Mind sharing the info? And how did you mount the nozzle?


----------



## Prof315 (Jan 5, 2009)

RadRacer513 said:


> Mind sharing the info? And how did you mount the nozzle?


Lazslo Racing and Performance on Washburn Rd in Melbourne. ( I used to work just down the street, Dick Lazslo is a friend)

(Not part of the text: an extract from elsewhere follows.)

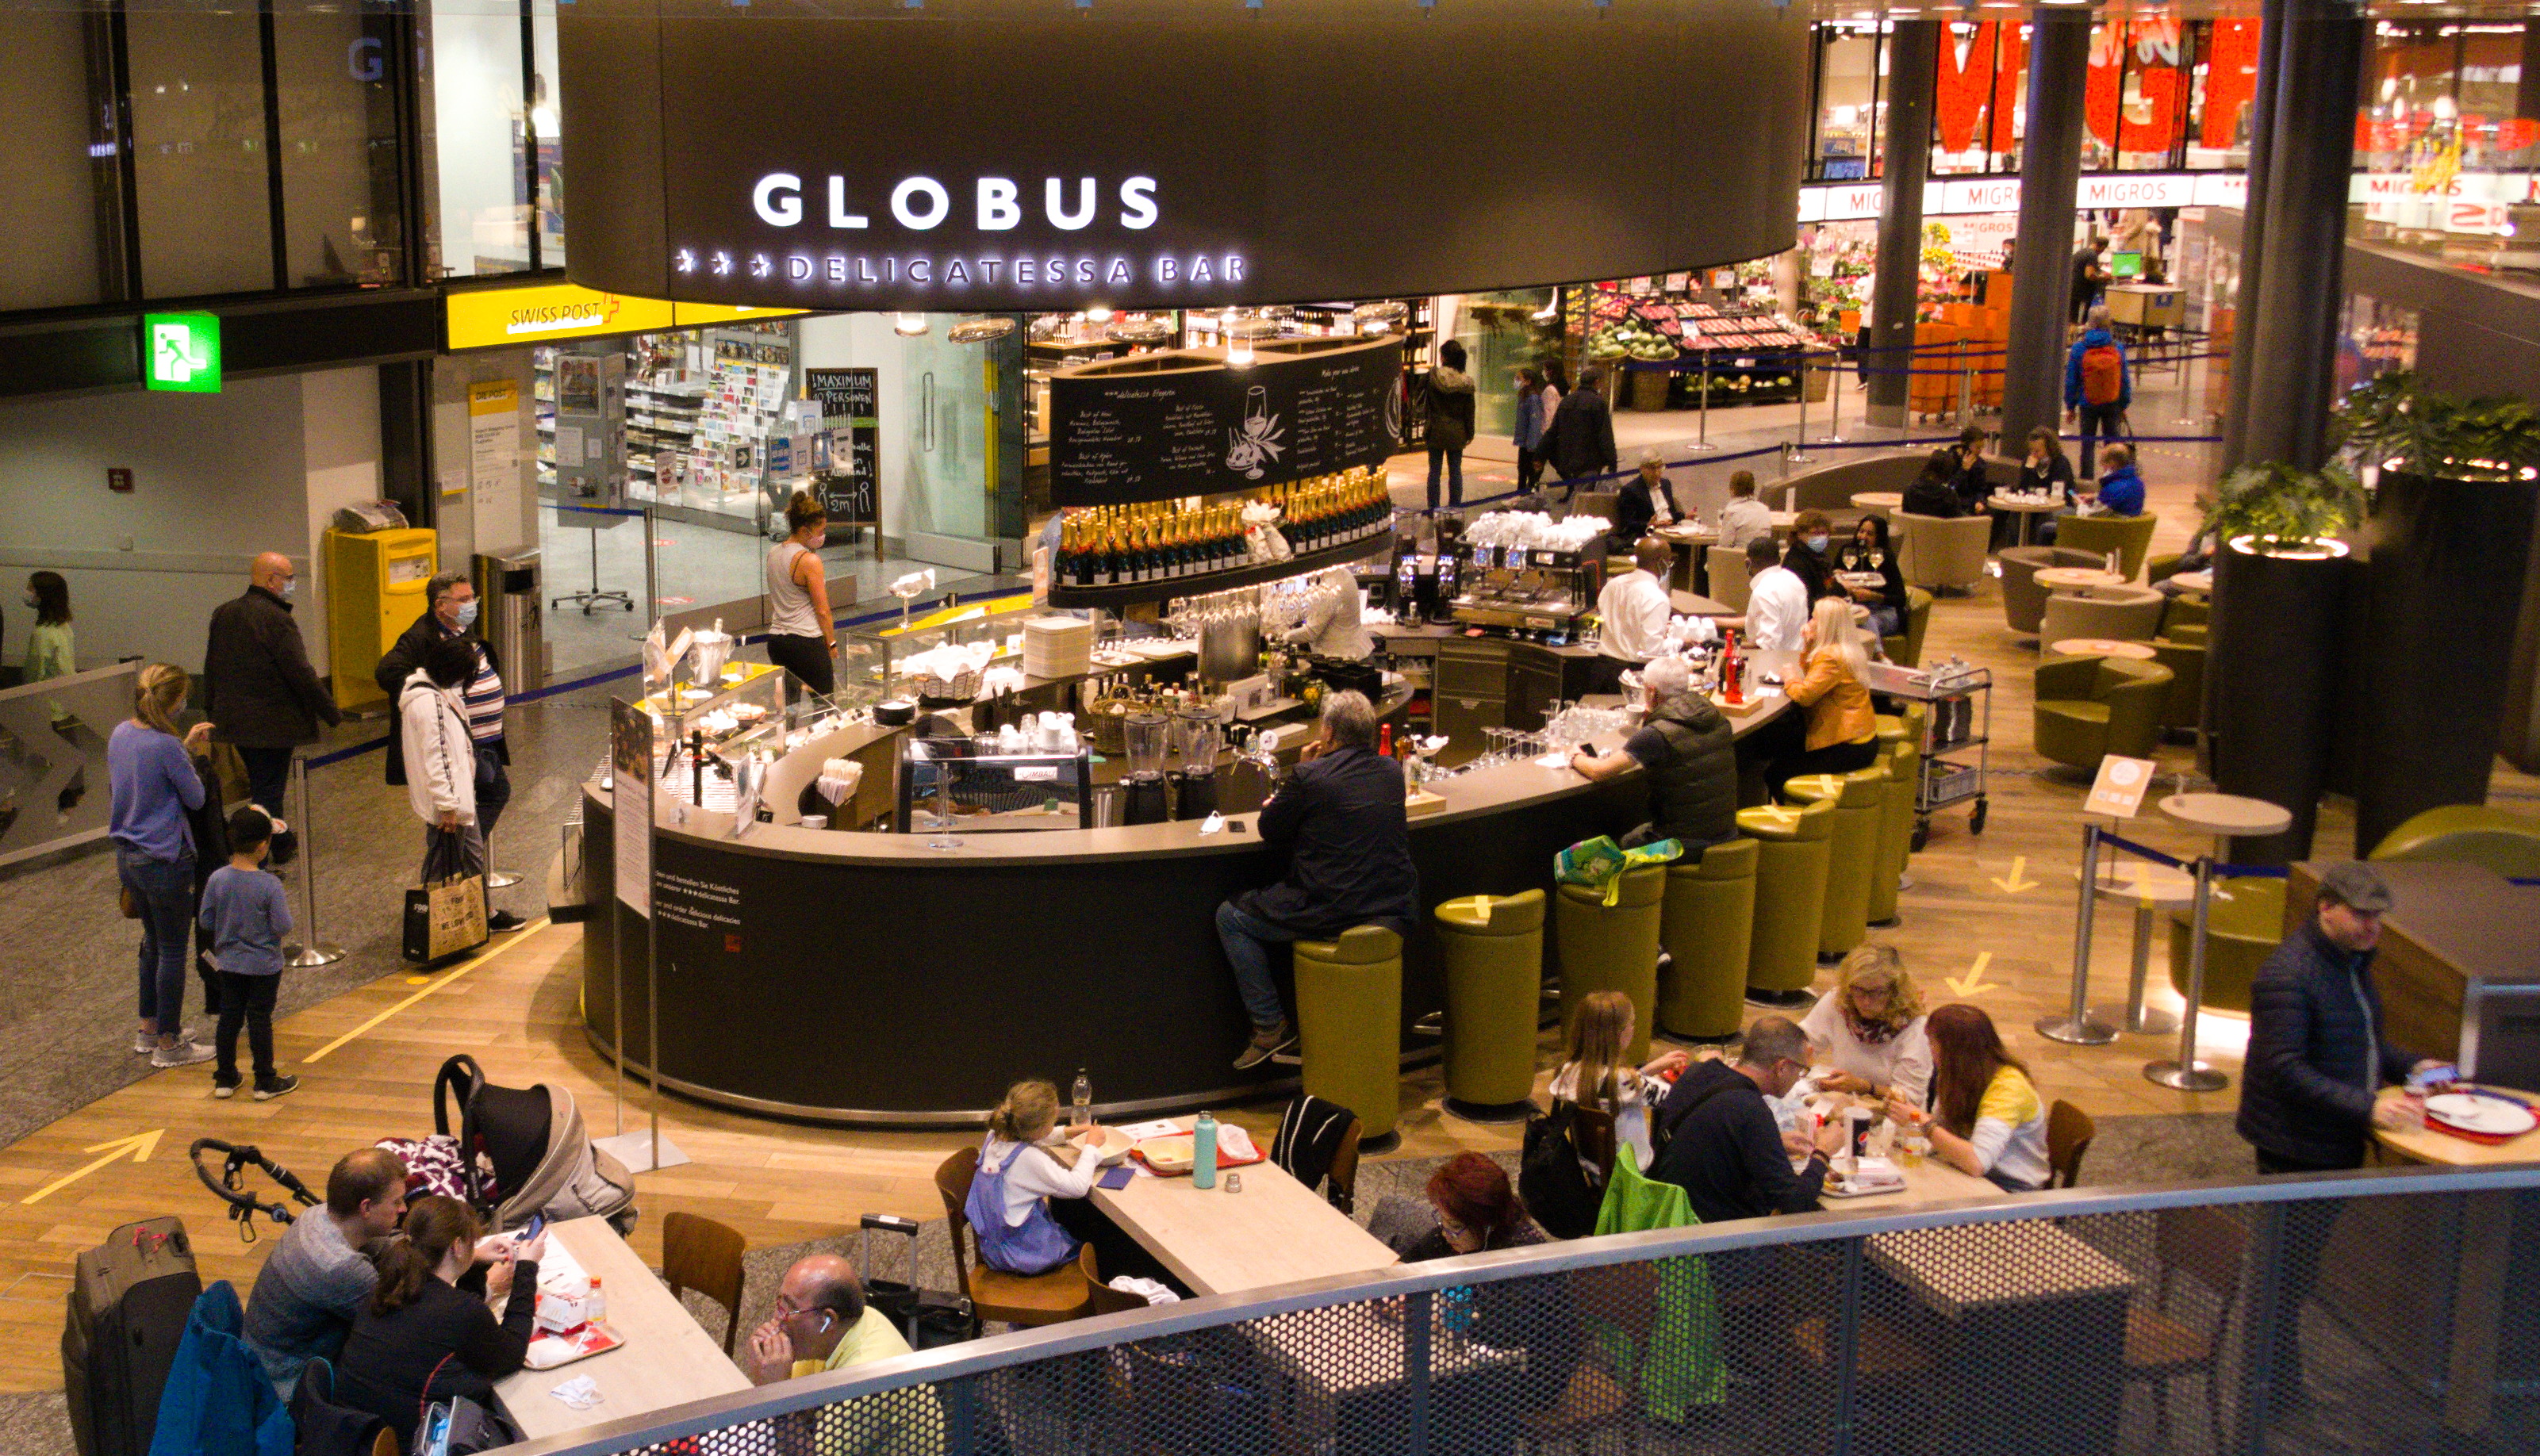 auroch falskhed deres File:Globus, Zurich.jpg - Wikimedia Commons

Mounting the nozzle was easy, added some material to the aluminum boost tube with a TIG welder, ground out a flat spot about 1/2" in diameter, drilled an 11/32" hole and tapped it 1/8" npt. Then just screw the nozzle in.


----------



## RadRacer513 (Nov 1, 2010)

Ah, I have a silicone tube, so I'm trying to figure out the best way. I'm probably just gonna splice a small piece of metal tubing in somewhere and mount it there.


----------



## coachvtt (Jan 16, 2008)

*USRT!*

I have the USRT Throttle plate with no issues for about 2yrs now.

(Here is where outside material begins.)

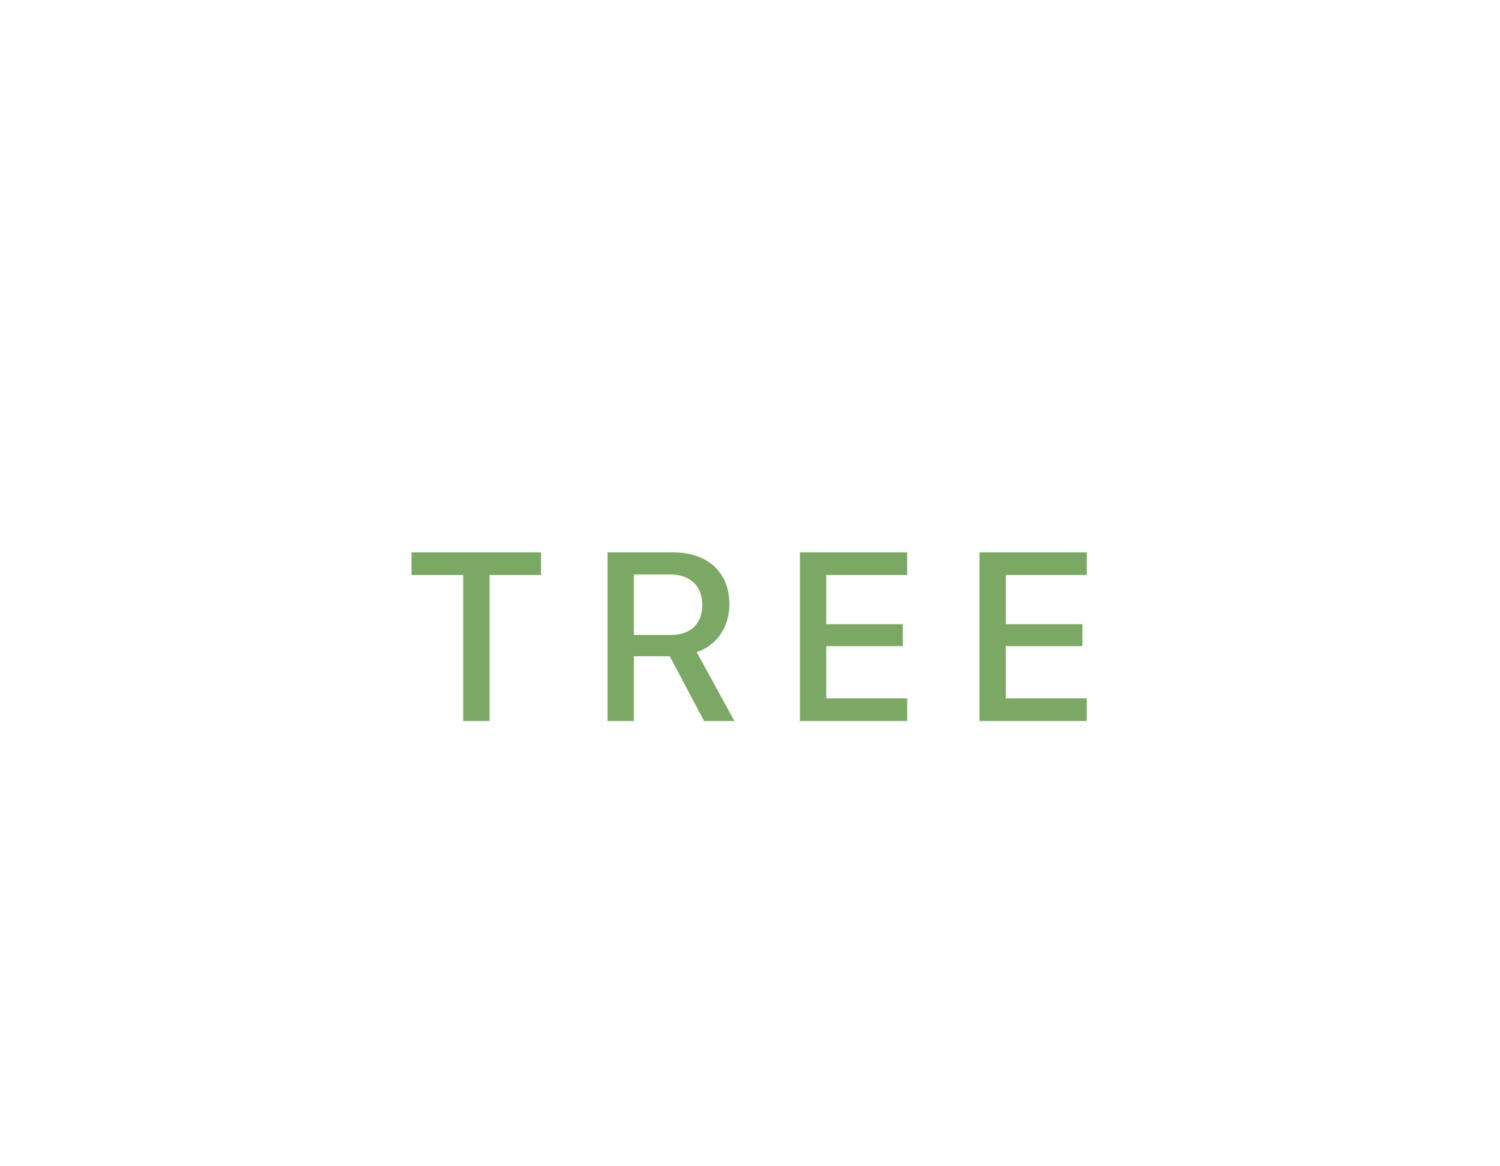 Wood street studio

I might start a secondary spray in front of the intercooler! Might be over kill but I might give it a shot


----------



## mcgyver7923 (Oct 16, 2003)

coachvtt said:


> I have the USRT Throttle plate with no issues for about 2yrs now.
> 
> I might start a secondary spray in front of the intercooler! Might be over kill but I might give it a shot


Couldn't that cause the intercooler to collect the fluid over time, thus reducing it's efficiency?


----------



## mcgyver7923 (Oct 16, 2003)

Here is the dual nozzle USRT kit: http://www.usrallyteam.com/index.php?main_page=product_info&cPath=1_68&products_id=299

That seems like the way to go! Does anyone have experience with this on a K04 car? What nozzle sizes did you use?


----------



## mcgyver7923 (Oct 16, 2003)

RadRacer513 said:


> Ah, I have a silicone tube, so I'm trying to figure out the best way. I'm probably just gonna splice a small piece of metal tubing in somewhere and mount it there.

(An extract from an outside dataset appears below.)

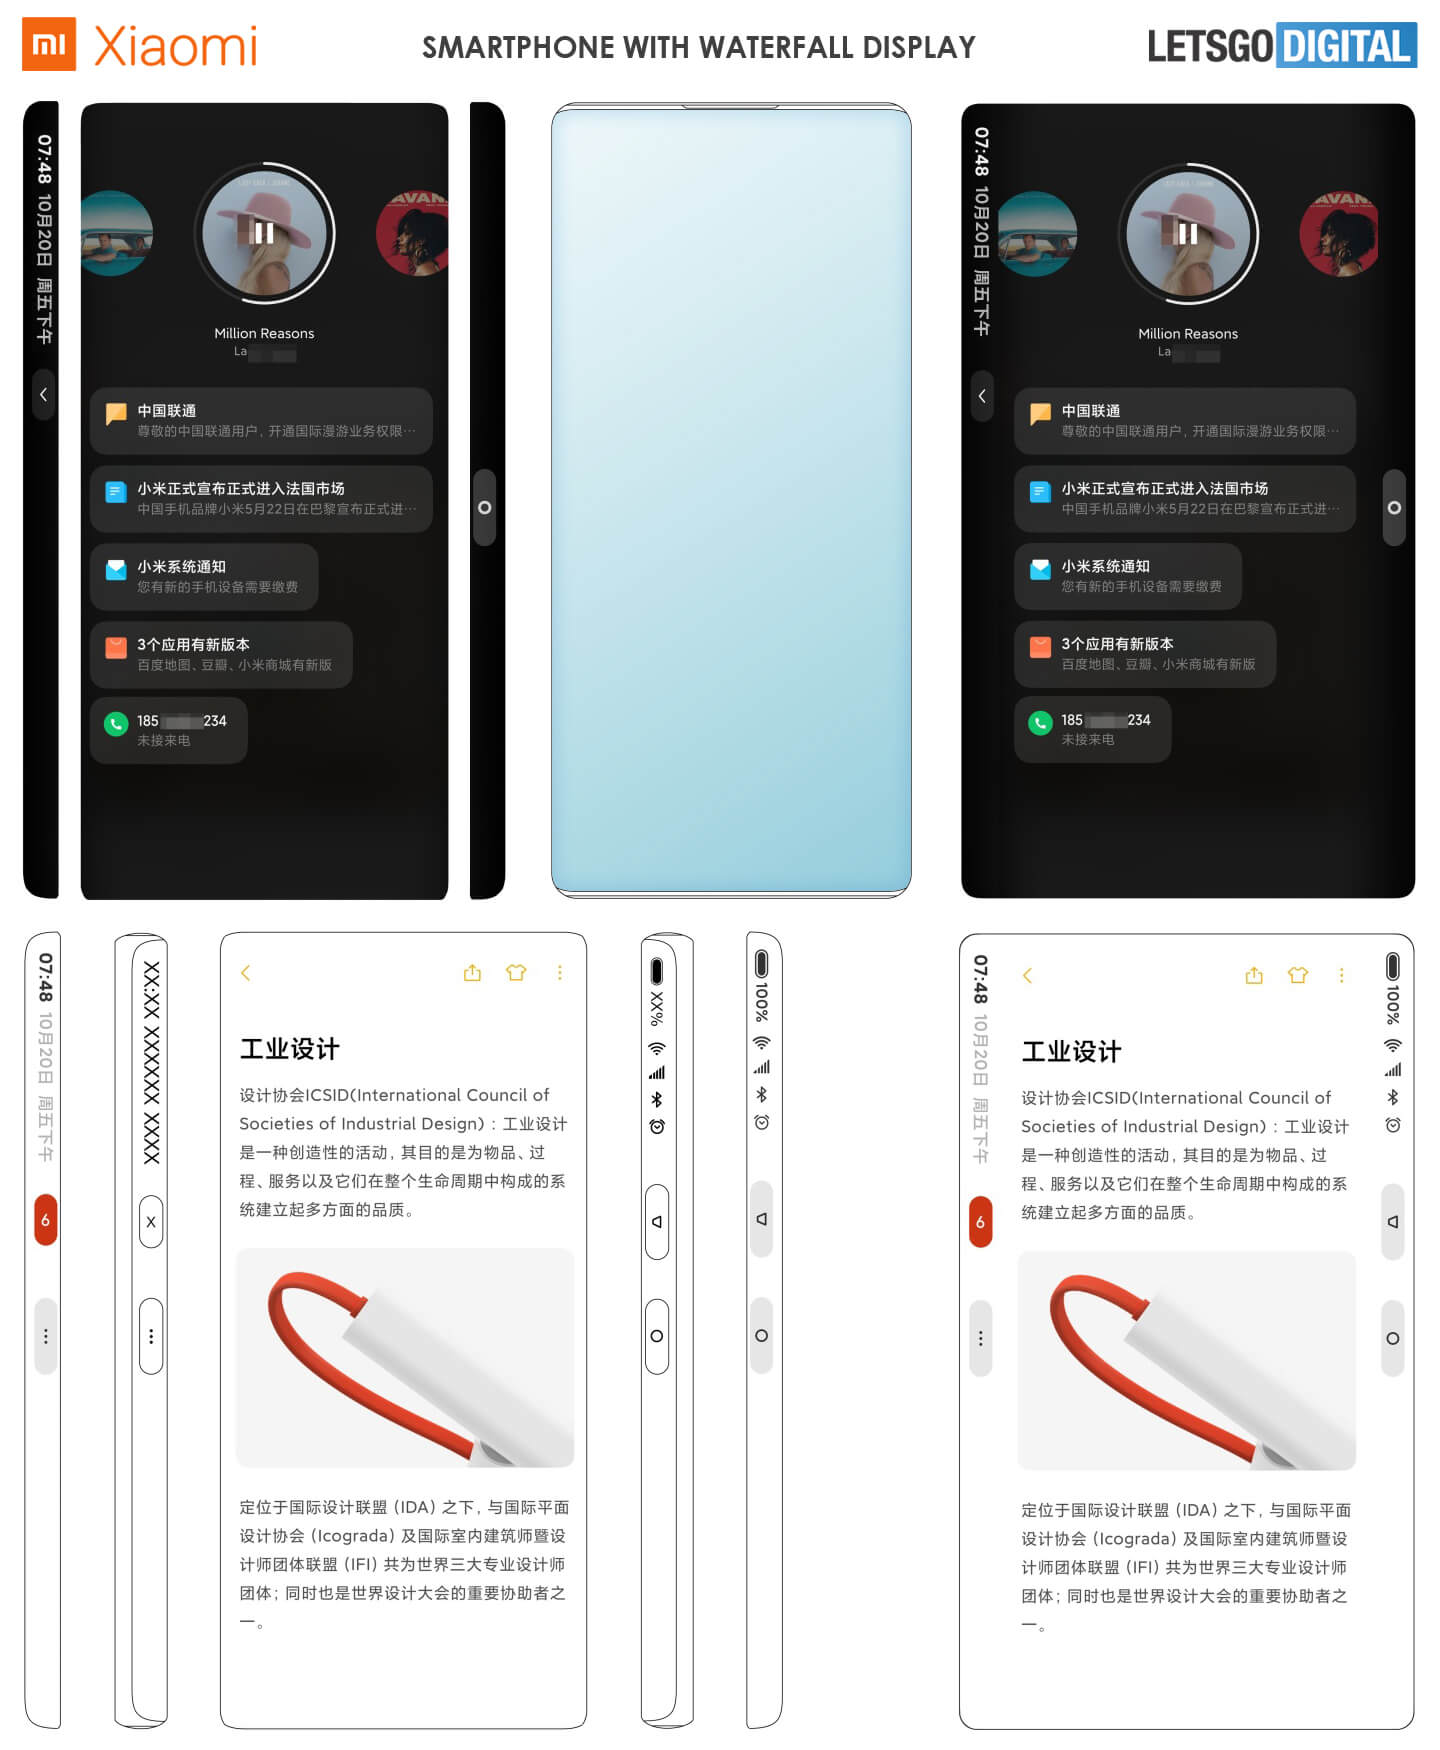 Xiaomi telefoon waterfall display

Use one of these: http://www.usrallyteam.com/index.php?main_page=product_info&products_id=304


----------



## RadRacer513 (Nov 1, 2010)

coachvtt said:


> I have the USRT Throttle plate with no issues for about 2yrs now.
> 
> I might start a secondary spray in front of the intercooler! Might be over kill but I might give it a shot


I want mine before the TB though; I mostly want it for cooling purposes, so I want it further from the intake for better mixture. And everything I've read about installs says not to do pre-intercooler because it can pool



mcgyver7923 said:


> Use one of these: http://www.usrallyteam.com/index.php?main_page=product_info&products_id=304


I've read of people having problems with those, and saw a video on youtube where the spray was horrible with that installed. I read on another site about just using washers, and I'm gonna give it a try when I install the kit (if I ever get the car running right again ). It shouldn't mess with the airflow, shouldn't mess with the spray pattern, and shouldn't cost $20


----------



## a4e3y5 (Jan 21, 2009)




----------



## Prof315 (Jan 5, 2009)

Nice dual nozzle system. I'm starting to get my progressive dialed in. WOW


----------



## a4e3y5 (Jan 21, 2009)

Prof315 said:


> Nice dual nozzle system. I'm starting to get my progressive dialed in. WOW


Thx bro. It does work really well.


----------



## [email protected] (Jan 13, 2005)

coachvtt said:


> I have the USRT Throttle plate with no issues for about 2yrs now.


THANKS! :beer:



> I might start a secondary spray in front of the intercooler! Might be over kill but I might give it a shot


Noooooooo, do NOT do this. :facepalm:














The two reasons are simple:

a) As Radracer513 mentioned, the stuff will condense and pool inside the IC. It simply will not make it to the combustion chambers in a predictable amount of time IF it makes it there at all.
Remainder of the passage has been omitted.